You’ll put your lips around the mouthpiece, and a healthcare provider will give you directions on breathing in and out a small, safe amount of carbon monoxide.
As you breathe, the spirometer measures how much carbon monoxide you exhale. This measurement indicates how much of the gas your lungs absorbed.
Cardiopulmonary exercise test
A healthcare provider will attach you to machines that measure your heartbeat, blood pressure and blood oxygen. You’ll then walk on a treadmill or ride a stationary bicycle.
The machines will measure various aspects of your heart, lungs and muscles during the test.
How long does a pulmonary function test take?
A PFT may take between 15 and 45 minutes to complete.
Let the healthcare provider know if you get tired during your test. You can take breaks in between parts of the test.

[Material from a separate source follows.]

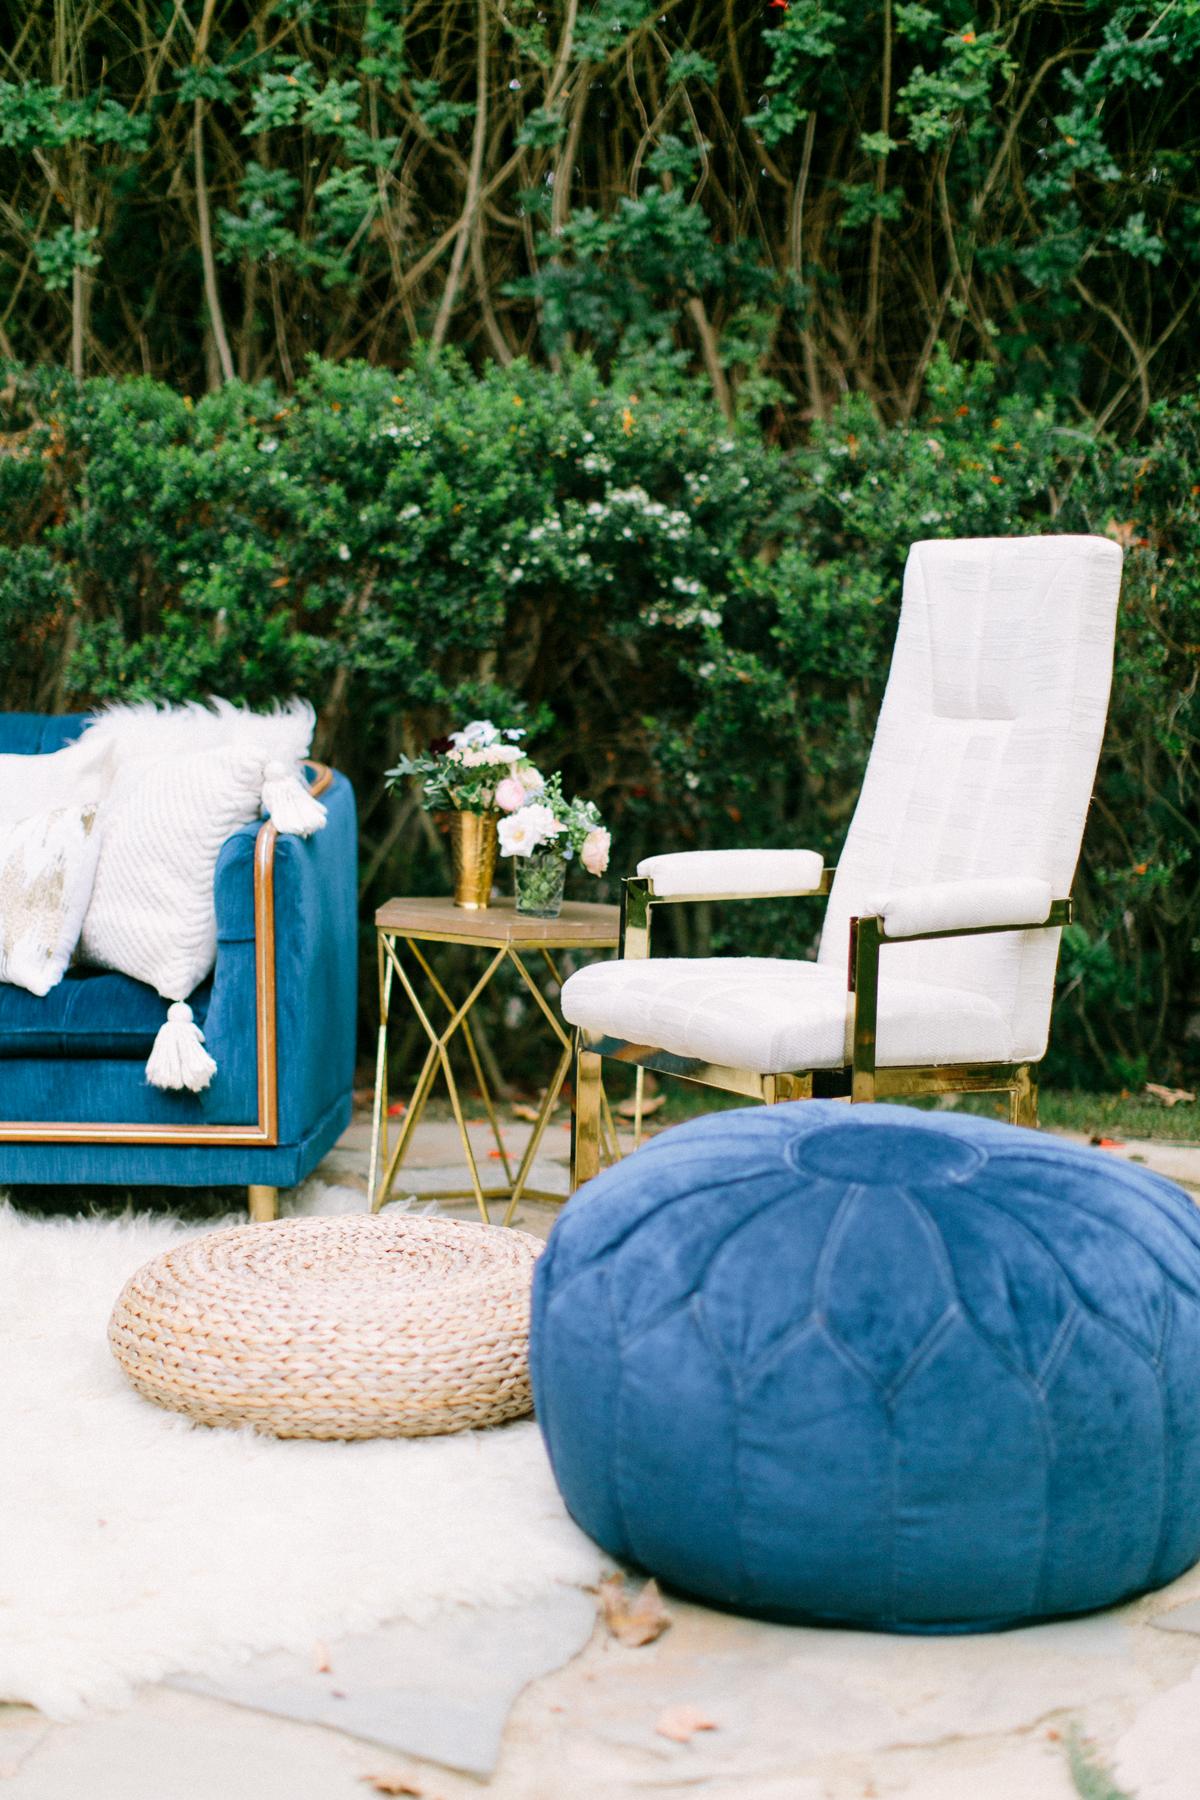 woven rattan wedding decor ottoman atop white fur rug at outdoor lounge area
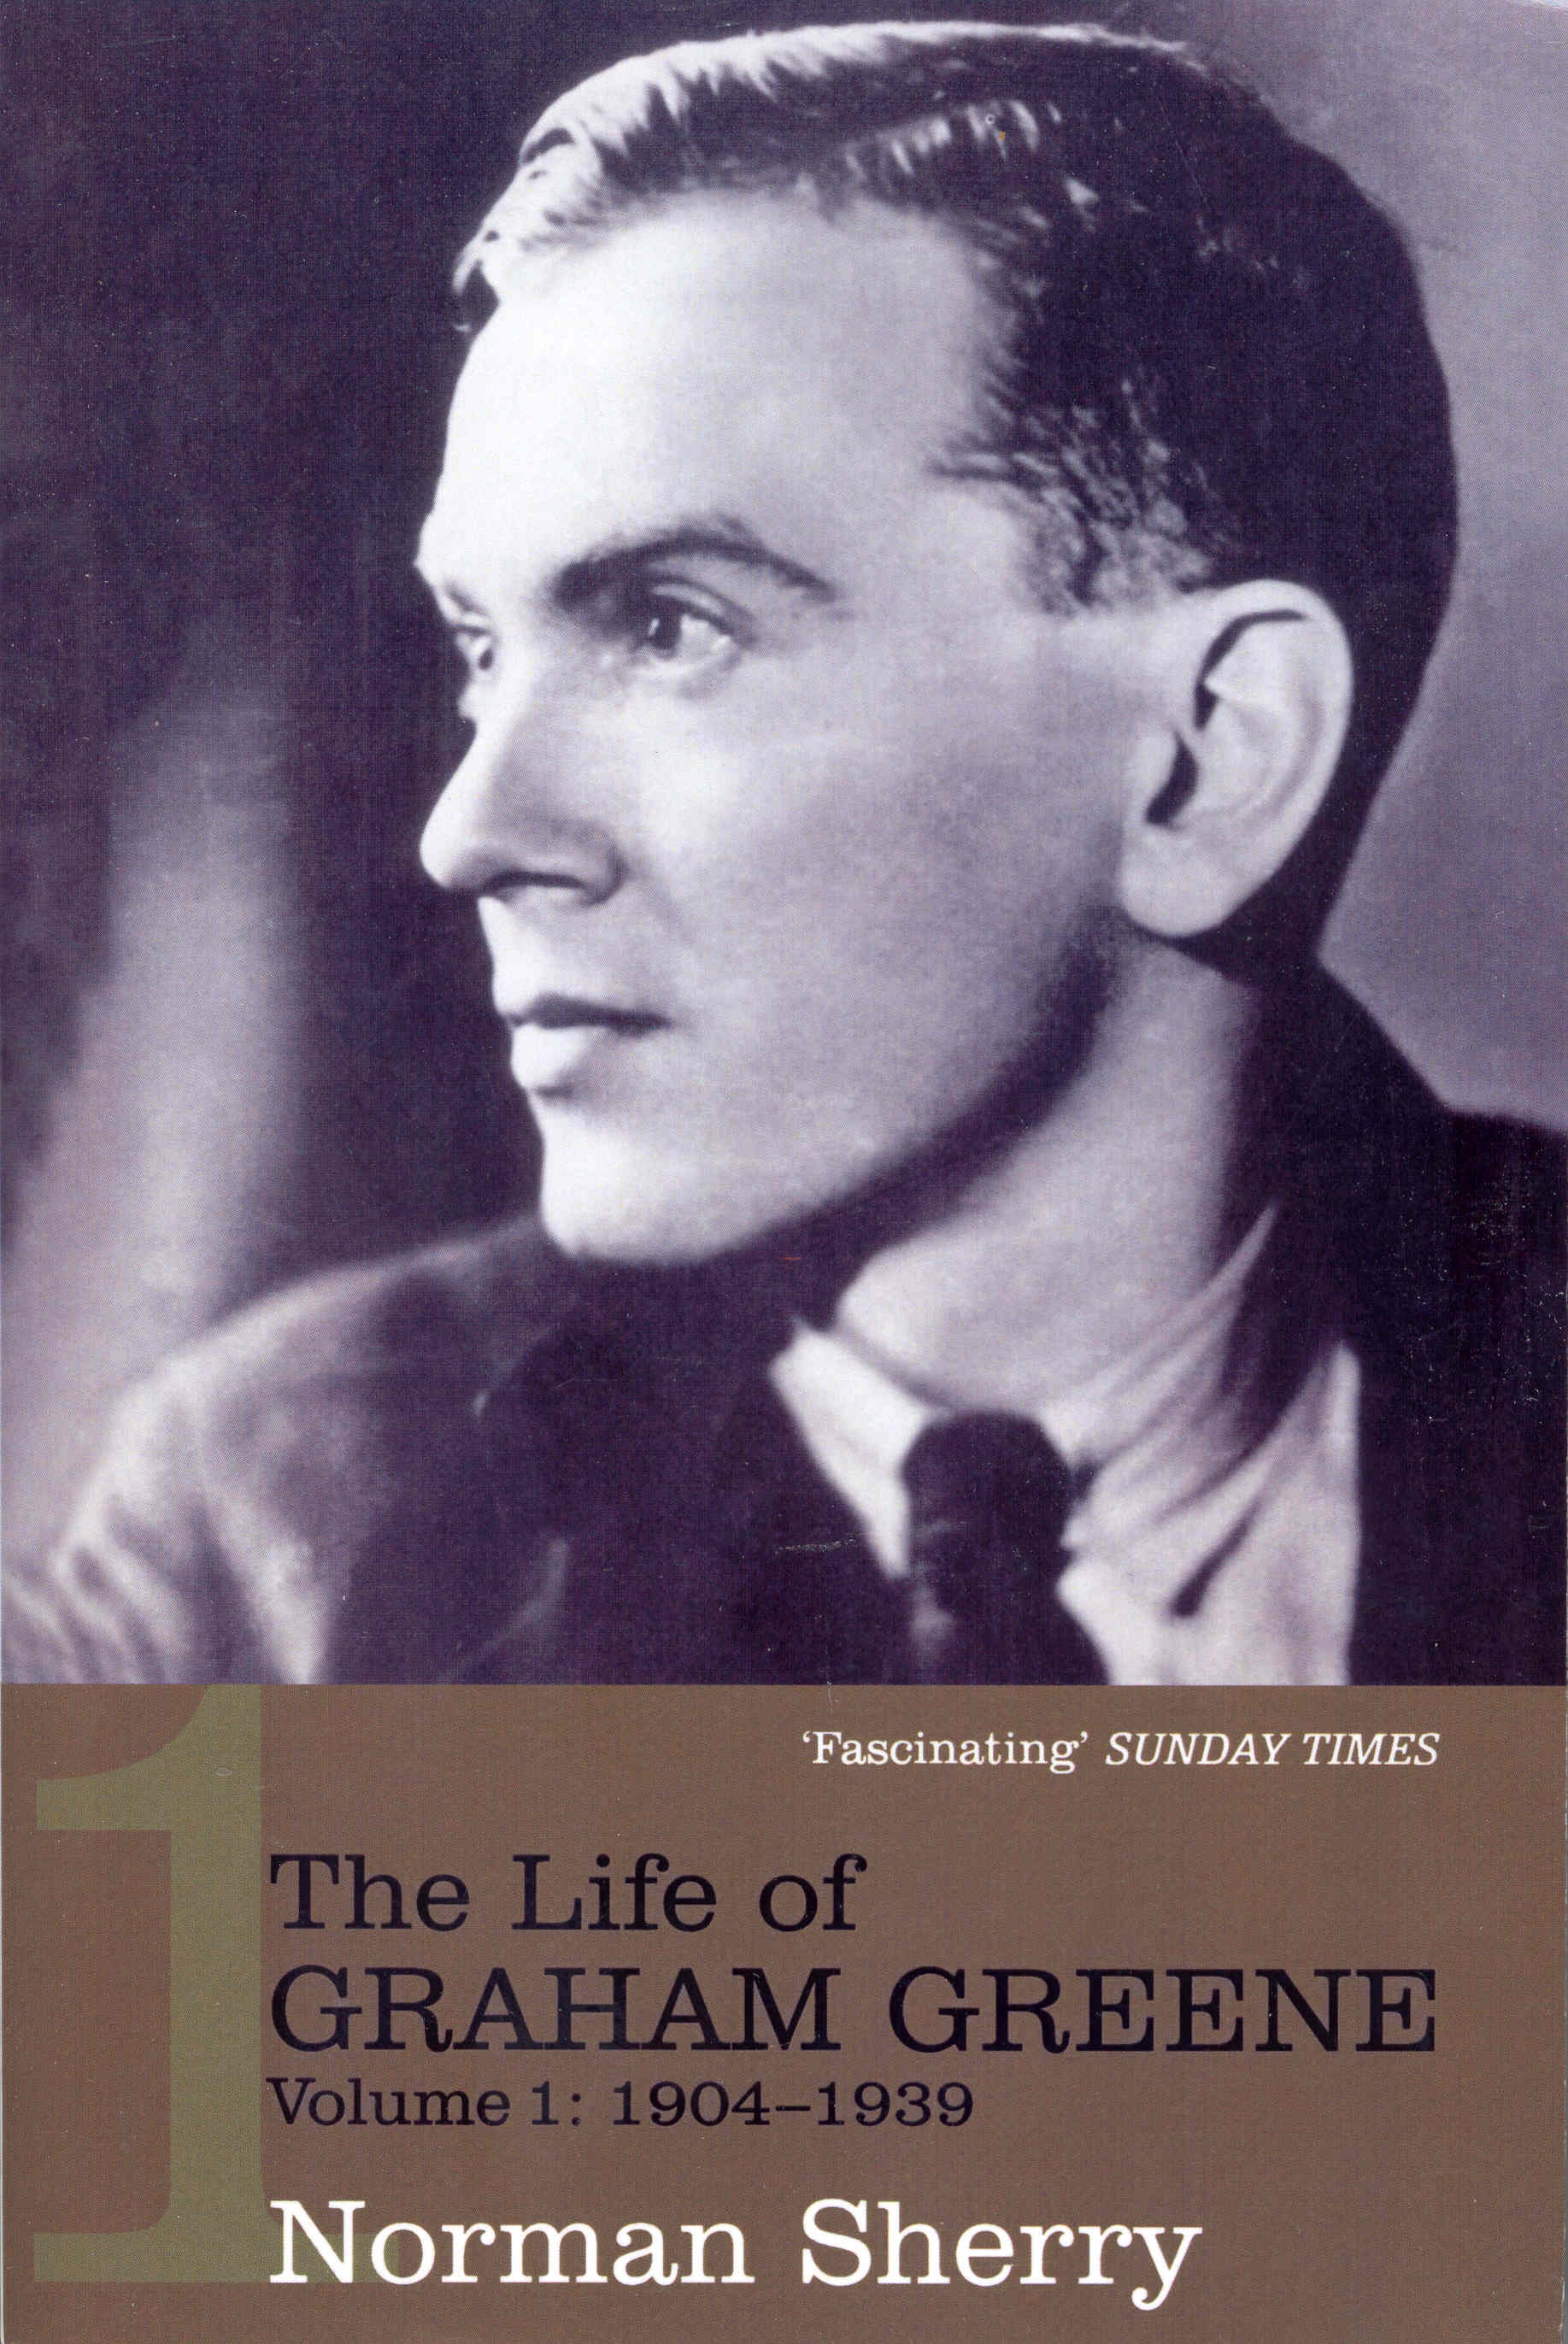 Norman Sherry - The Life of Graham Greene 1

Is pulmonary function testing painful?
No, pulmonary function testing isn’t painful.
What should I expect after pulmonary function testing?
After testing, you may restart any medicines your healthcare provider told you to stop taking. You can also return to your usual activities, including exercise.
If you felt dizzy or lightheaded during the test, the healthcare provider will monitor you until your symptoms go away and you can go home.
The healthcare provider will tell you when to expect your test results.
What are the risks of pulmonary function testing?
Pulmonary function testing is safe. But you may feel dizzy, lightheaded or tired from breathing so deeply. You may also cough from blowing into the mouthpiece or feel tired from exercising. These symptoms should go away shortly after you complete the PFT. Let the healthcare provider know if you need a break during testing.
In very rare cases, pulmonary function testing may cause a collapsed lung (pneumothorax).
A PFT can also increase your heart rate. Tell the healthcare provider if you’ve had a heart attack recently or any other heart condition.
Results and Follow-Up
What type of results will I get, and what do the results mean?
The healthcare provider will compare your score against the typical scores for your demographic. There’s a normal range expected for your age, height and sex.
What happens if you fail a pulmonary function test?
There’s no such thing as failing a PFT. If it’s abnormal, your provider will discuss additional work you may need to obtain a diagnosis and a treatment plan.
When should I know the results of my pulmonary function testing?
You should receive the results of your pulmonary function test within a few days.
When should I call my healthcare provider?
Your healthcare provider will contact you a few days after your pulmonary function test with your results. Reach out to your provider if you don’t hear from them with your results after a few days.
Based on your diagnosis, you may need regular testing to follow your condition at future visits.
A note from Cleveland Clinic
Pulmonary function testing helps your healthcare provider diagnose any conditions that affect your lungs. PFTs don’t take a long time, they aren’t painful and you should get your results in a few days.
If you notice any changes in your breathing, reach out to your healthcare provider. They may recommend a PFT to rule out a lung condition.